Яна подняла глаза и наткнулась на взгляд мальчика. В нем странно мешались опаска и благоговение. Соврать? Не выйдет. Ну что же…
– Да, это я сделала, – кивнула она. – Мама говорила, что я – девиант.
– Ух ты! – восхищенно выдохнул Палек, так что Яна слегка опешила. – И ты можешь убить своей невидимой штукой, да? Ну и дела! Я всегда хотел такую иметь! Нет, ты честно девиант, да?
– Честно, – кивнула Яна. Она ожидала чего угодно, но только не этого. – Только, пожалуйста, не говори никому, ладно? Не скажешь?
– Не скажу, – отмахнулся Палек. – Слушай, а ты много убила?
Яна нахмурилась.
– Ты точно дурак, – со злостью сказала она. – Я никого не убивала. Я вообще никогда раньше свой дар не использовала. А тебя, между прочим, я вообще спасла!
Она отвернулась и надулась.
– Эй, не злись! – Палек примиряюще тронул ее за плечо. – По телику говорили, что все девианты – чокнутые, что они убивают всех подряд, а значит, их надо изолировать.
– И меня надо изолировать, да? – бросила Яна, не поворачиваясь. Ну конечно, и он туда же.
– Нет, конечно, – вздохнул Палек. – Ты точно не чокнутая. Нормальная девчонка. Извини, ладно? И… спасибо, что помогла.
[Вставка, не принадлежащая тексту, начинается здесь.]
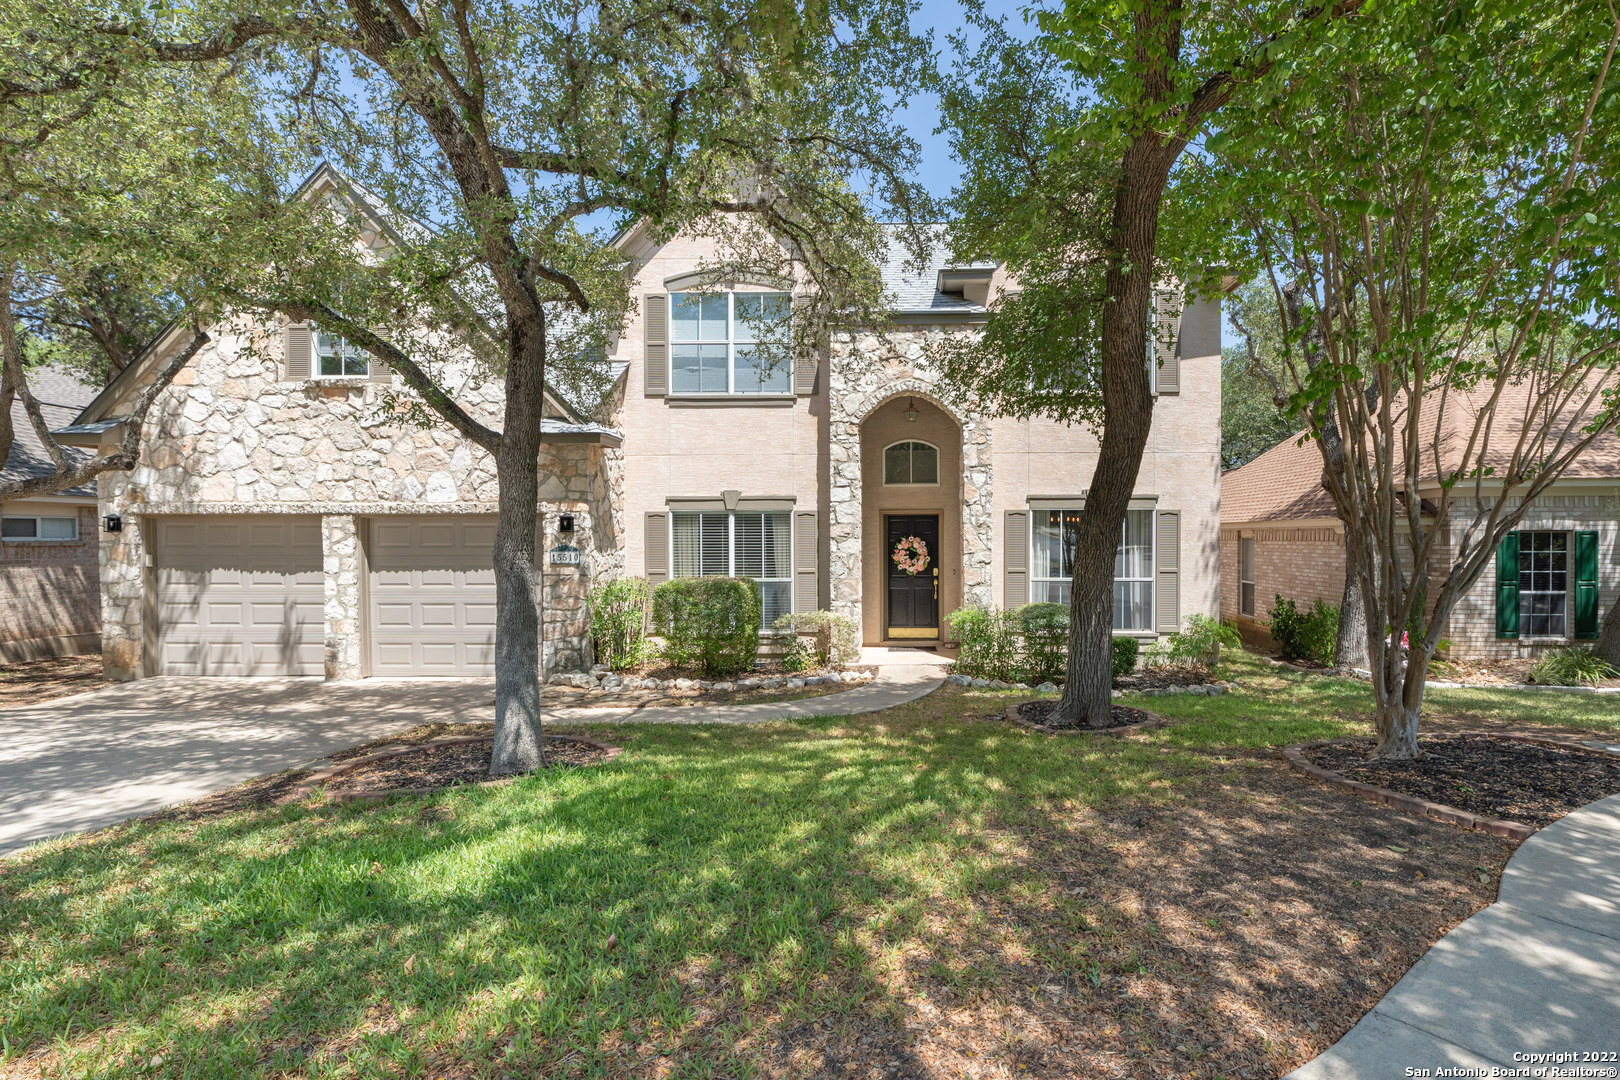 Welcome to your new custom 3 bedroom and 2.5-bath home in this prestigious gated Deerfield neighborhood. Great NEISD schools. Minutes from 281, 1604, and shopping. This home is on a scenic greenbelt. The main level features an open floor plan with tile and wood floors throughout and large windows for natural light. There are two living spaces on this level, with the family room featuring a fireplace and outside access to the quiet, wooded backyard. The gourmet kitchen has beautiful granite countertops, stainless steel appliances, plenty of oak cabinet space, and built-in microwave, oven, and cooktop. The large master suite and master bath are downstairs, with dual vanities, a separate garden tub and shower, and two walk-in closets. The second level has two additional bedrooms, a bath with double vanity and shower tub, and a large game room with beautiful wood floors. Your backyard with a large deck and mature oak trees is ideal for entertaining and relaxation. Do not miss out on this remarkable home.

Яна недоверчиво взглянула на него. Потом она потянулась и заглянула ему в голову. Мальчик действительно раскаивался, что ляпнул, не подумав, и она решила его простить. В самом деле, все мальчишки сами немного чокнутые. Не обижаться же на них за это? Наоборот, жалеть надо.
– Пожалуйста, – все еще немного сухо сказала она. – Палек, ты обещаешь, что никому не скажешь? Если скажешь, то меня снова отвезут в Институт, и… – Она поежилась. Что ее могло ожидать в Институте, она не знала, но ужас Карины перед возвращением чувствовала совершенно отчетливо. Наверное, там и в самом деле плохое место.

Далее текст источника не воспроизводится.